This is the full log I get with default verbosity:

treetime --covariation --confidence --clock-filter 5 --tree N1_subset.aln.clean.fasta.treefile.nwk --aln N1_subset.aln.clean.fasta --dates Matched_Metadata.csv            

Attempting to parse dates...
        Using column 'strain' as name. This needs match the taxon names in the tree!!
        Using column 'date' as date.

0.00    -TreeAnc: set-up

0.16    WARNING: Previous versions of TreeTime (<0.7.0) RECONSTRUCTED sequences of
        tips at positions with AMBIGUOUS bases. This resulted in unexpected
        behavior is some cases and is no longer done by default. If you want to
        replace those ambiguous sites with their most likely state, rerun with
        `reconstruct_tip_states=True` or `--reconstruct-tip-states`.

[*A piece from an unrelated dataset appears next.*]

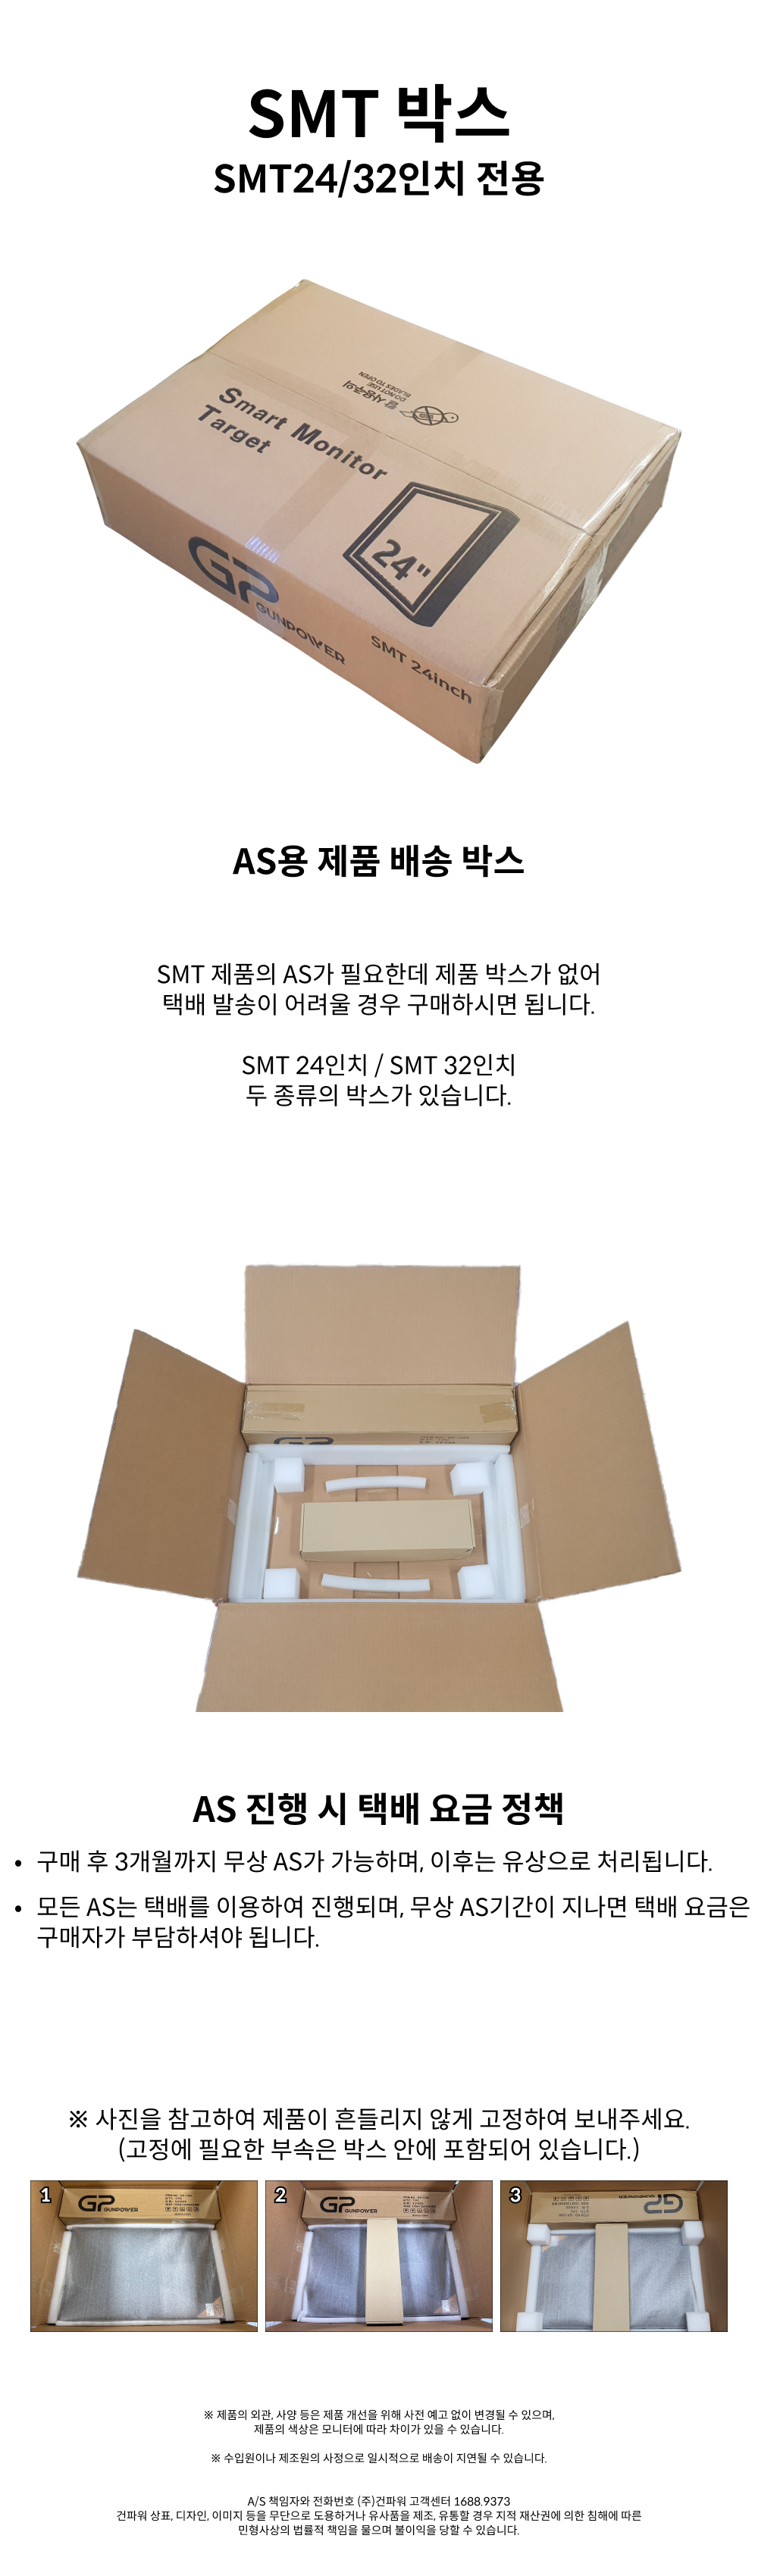 Package box for SMT(Kor).jpg

0.66    TreeTime.reroot: with method or node: least-squares

0.66    TreeTime.reroot: rerooting will ignore covariance and shared ancestry.

0.90    TreeTime.clock_filter: More than a third of leaves have been excluded by
        the clock filter. Please check your input data.

0.91    TreeTime.reroot: with method or node: least-squares

0.91    TreeTime.reroot: rerooting will account for covariance and shared ancestry.
Traceback (most recent call last):
  File "/opt/homebrew/Caskroom/miniforge/base/envs/py11/lib/python3.11/site-packages/treetime/treetime.py", line 57, in run
    return self._run(**kwargs)
           ^^^^^^^^^^^^^^^^^^^
  File "/opt/homebrew/Caskroom/miniforge/base/envs/py11/lib/python3.11/site-packages/treetime/treetime.py", line 221, in _run
    self.clock_filter(reroot=reroot_mechanism, n_iqd=n_iqd, plot=plot_rtt, fixed_clock_rate=fixed_clock_rate)
  File "/opt/homebrew/Caskroom/miniforge/base/envs/py11/lib/python3.11/site-packages/treetime/treetime.py", line 439, in clock_filter
    self.reroot(root=reroot, clock_rate=fixed_clock_rate)
  File "/opt/homebrew/Caskroom/miniforge/base/envs/py11/lib/python3.11/site-packages/treetime/treetime.py", line 521, in reroot
    new_root = self._find_best_root(covariation=use_cov,
               ^^^^^^^^^^^^^^^^^^^^^^^^^^^^^^^^^^^^^^^^^
  File "/opt/homebrew/Caskroom/miniforge/base/envs/py11/lib/python3.11/site-packages/treetime/treetime.py", line 949, in _find_best_root
    return Treg.optimal_reroot(force_positive=force_positive, slope=slope, keep_node_order=self.keep_node_order)['node']
           ^^^^^^^^^^^^^^^^^^^^^^^^^^^^^^^^^^^^^^^^^^^^^^^^^^^^^^^^^^^^^^^^^^^^^^^^^^^^^^^^^^^^^^^^^^^^^^^^^^^^^
  File "/opt/homebrew/Caskroom/miniforge/base/envs/py11/lib/python3.11/site-packages/treetime/treeregression.py", line 433, in optimal_reroot
    best_root = self.find_best_root(force_positive=force_positive, slope=slope)
                ^^^^^^^^^^^^^^^^^^^^^^^^^^^^^^^^^^^^^^^^^^^^^^^^^^^^^^^^^^^^^^^
  File "/opt/homebrew/Caskroom/miniforge/base/envs/py11/lib/python3.11/site-packages/treetime/treeregression.py", line 340, in find_best_root
    x, chisq = self._optimal_root_along_branch(n, tv, bv, var, slope=slope)
               ^^^^^^^^^^^^^^^^^^^^^^^^^^^^^^^^^^^^^^^^^^^^^^^^^^^^^^^^^^^^
  File "/opt/homebrew/Caskroom/miniforge/base/envs/py11/lib/python3.11/site-packages/treetime/treeregression.py", line 396, in _optimal_root_along_branch
    chisq_grid = np.array([chisq(x) for x in grid])
                          ^^^^^^^^^^^^^^^^^^^^^^^^
  File "/opt/homebrew/Caskroom/miniforge/base/envs/py11/lib/python3.11/site-packages/treetime/treeregression.py", line 396, in <listcomp>
    chisq_grid = np.array([chisq(x) for x in grid])
                           ^^^^^^^^
  File "/opt/homebrew/Caskroom/miniforge/base/envs/py11/lib/python3.11/site-packages/treetime/treeregression.py", line 386, in chisq
    return base_regression(tmpQ, slope=slope)['chisq']
           ^^^^^^^^^^^^^^^^^^^^^^^^^^^^^^^^^^
  File "/opt/homebrew/Caskroom/miniforge/base/envs/py11/lib/python3.11/site-packages/treetime/treeregression.py", line 32, in base_regression
    raise ValueError("No variation in sampling dates! Please specify your clock rate explicitly.")
ValueError: No variation in sampling dates! Please specify your clock rate explicitly.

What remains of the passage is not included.